Given information ▸
=-=-=
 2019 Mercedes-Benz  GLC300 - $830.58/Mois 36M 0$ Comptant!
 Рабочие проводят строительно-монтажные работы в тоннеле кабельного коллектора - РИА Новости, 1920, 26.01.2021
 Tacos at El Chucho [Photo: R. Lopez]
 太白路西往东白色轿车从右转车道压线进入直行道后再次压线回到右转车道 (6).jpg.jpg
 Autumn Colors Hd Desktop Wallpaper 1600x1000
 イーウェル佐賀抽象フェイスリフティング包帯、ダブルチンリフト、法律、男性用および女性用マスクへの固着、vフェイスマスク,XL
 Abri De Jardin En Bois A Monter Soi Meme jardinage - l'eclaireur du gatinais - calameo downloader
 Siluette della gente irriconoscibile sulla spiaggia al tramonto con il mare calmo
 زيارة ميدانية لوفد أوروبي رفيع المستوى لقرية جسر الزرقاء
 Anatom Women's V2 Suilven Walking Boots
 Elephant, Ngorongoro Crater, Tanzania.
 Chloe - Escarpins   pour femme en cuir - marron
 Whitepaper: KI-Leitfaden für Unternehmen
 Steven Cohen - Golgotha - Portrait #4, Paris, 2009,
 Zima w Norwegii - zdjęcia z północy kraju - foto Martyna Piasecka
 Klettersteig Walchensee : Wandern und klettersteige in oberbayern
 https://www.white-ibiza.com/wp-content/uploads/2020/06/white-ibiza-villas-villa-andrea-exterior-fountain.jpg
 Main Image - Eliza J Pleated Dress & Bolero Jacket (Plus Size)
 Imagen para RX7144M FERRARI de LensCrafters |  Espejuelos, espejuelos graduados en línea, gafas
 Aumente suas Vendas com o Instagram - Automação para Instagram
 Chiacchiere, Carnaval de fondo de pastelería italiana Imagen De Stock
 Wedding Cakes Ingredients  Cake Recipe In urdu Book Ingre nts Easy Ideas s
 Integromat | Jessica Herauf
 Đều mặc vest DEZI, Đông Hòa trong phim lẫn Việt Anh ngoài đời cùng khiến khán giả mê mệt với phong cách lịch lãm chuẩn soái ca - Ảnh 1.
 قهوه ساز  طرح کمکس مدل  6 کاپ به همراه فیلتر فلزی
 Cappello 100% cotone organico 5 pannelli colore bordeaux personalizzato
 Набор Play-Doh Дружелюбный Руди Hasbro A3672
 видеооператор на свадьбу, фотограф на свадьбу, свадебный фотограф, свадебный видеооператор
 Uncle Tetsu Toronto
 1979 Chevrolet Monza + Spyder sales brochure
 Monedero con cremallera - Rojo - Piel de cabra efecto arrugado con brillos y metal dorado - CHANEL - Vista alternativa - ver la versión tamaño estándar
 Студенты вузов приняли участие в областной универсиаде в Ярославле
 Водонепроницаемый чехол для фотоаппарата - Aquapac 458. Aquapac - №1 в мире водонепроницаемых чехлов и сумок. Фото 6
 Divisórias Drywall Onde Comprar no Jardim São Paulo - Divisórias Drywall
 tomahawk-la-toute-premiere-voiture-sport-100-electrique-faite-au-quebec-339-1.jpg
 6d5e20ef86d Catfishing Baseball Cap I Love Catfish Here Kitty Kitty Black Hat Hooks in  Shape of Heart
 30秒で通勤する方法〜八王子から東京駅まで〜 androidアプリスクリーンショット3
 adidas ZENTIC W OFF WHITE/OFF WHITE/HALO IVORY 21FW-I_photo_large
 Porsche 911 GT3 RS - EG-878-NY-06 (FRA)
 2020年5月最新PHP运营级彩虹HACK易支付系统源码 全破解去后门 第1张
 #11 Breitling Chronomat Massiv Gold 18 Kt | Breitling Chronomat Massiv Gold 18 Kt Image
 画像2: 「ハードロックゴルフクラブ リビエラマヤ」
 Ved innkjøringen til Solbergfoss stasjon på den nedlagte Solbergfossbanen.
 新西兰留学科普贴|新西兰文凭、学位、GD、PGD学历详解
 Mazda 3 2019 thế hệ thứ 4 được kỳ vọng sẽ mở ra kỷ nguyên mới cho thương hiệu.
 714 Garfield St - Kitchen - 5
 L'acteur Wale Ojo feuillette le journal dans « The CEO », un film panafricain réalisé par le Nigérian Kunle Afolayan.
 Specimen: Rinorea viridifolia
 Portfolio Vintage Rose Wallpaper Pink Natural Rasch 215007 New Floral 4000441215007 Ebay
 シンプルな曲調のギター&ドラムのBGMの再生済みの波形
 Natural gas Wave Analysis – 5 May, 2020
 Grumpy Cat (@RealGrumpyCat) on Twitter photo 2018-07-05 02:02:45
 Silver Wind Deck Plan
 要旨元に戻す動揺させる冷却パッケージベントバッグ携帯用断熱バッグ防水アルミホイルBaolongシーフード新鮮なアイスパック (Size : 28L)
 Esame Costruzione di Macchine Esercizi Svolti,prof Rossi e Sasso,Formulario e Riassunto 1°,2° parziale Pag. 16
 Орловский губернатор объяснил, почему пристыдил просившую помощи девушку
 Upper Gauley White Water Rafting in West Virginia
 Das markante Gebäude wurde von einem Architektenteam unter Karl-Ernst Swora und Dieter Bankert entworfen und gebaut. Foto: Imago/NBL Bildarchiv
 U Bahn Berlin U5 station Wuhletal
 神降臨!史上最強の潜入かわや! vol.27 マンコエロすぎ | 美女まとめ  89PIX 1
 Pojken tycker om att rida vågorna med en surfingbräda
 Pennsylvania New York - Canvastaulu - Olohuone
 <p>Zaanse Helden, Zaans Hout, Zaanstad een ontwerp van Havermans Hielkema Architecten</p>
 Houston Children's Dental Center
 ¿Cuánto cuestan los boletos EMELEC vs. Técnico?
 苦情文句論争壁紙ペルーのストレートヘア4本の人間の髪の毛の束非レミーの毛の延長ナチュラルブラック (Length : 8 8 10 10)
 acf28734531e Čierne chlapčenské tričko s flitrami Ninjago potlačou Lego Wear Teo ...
=-=-=
Among the entries above, locate the lines containing "Klettersteig Walchensee : Wandern" and "Integromat | Jessica Herauf", and transcribe exactly those two lines and all lines between.

 Klettersteig Walchensee : Wandern und klettersteige in oberbayern
 https://www.white-ibiza.com/wp-content/uploads/2020/06/white-ibiza-villas-villa-andrea-exterior-fountain.jpg
 Main Image - Eliza J Pleated Dress & Bolero Jacket (Plus Size)
 Imagen para RX7144M FERRARI de LensCrafters |  Espejuelos, espejuelos graduados en línea, gafas
 Aumente suas Vendas com o Instagram - Automação para Instagram
 Chiacchiere, Carnaval de fondo de pastelería italiana Imagen De Stock
 Wedding Cakes Ingredients  Cake Recipe In urdu Book Ingre nts Easy Ideas s
 Integromat | Jessica Herauf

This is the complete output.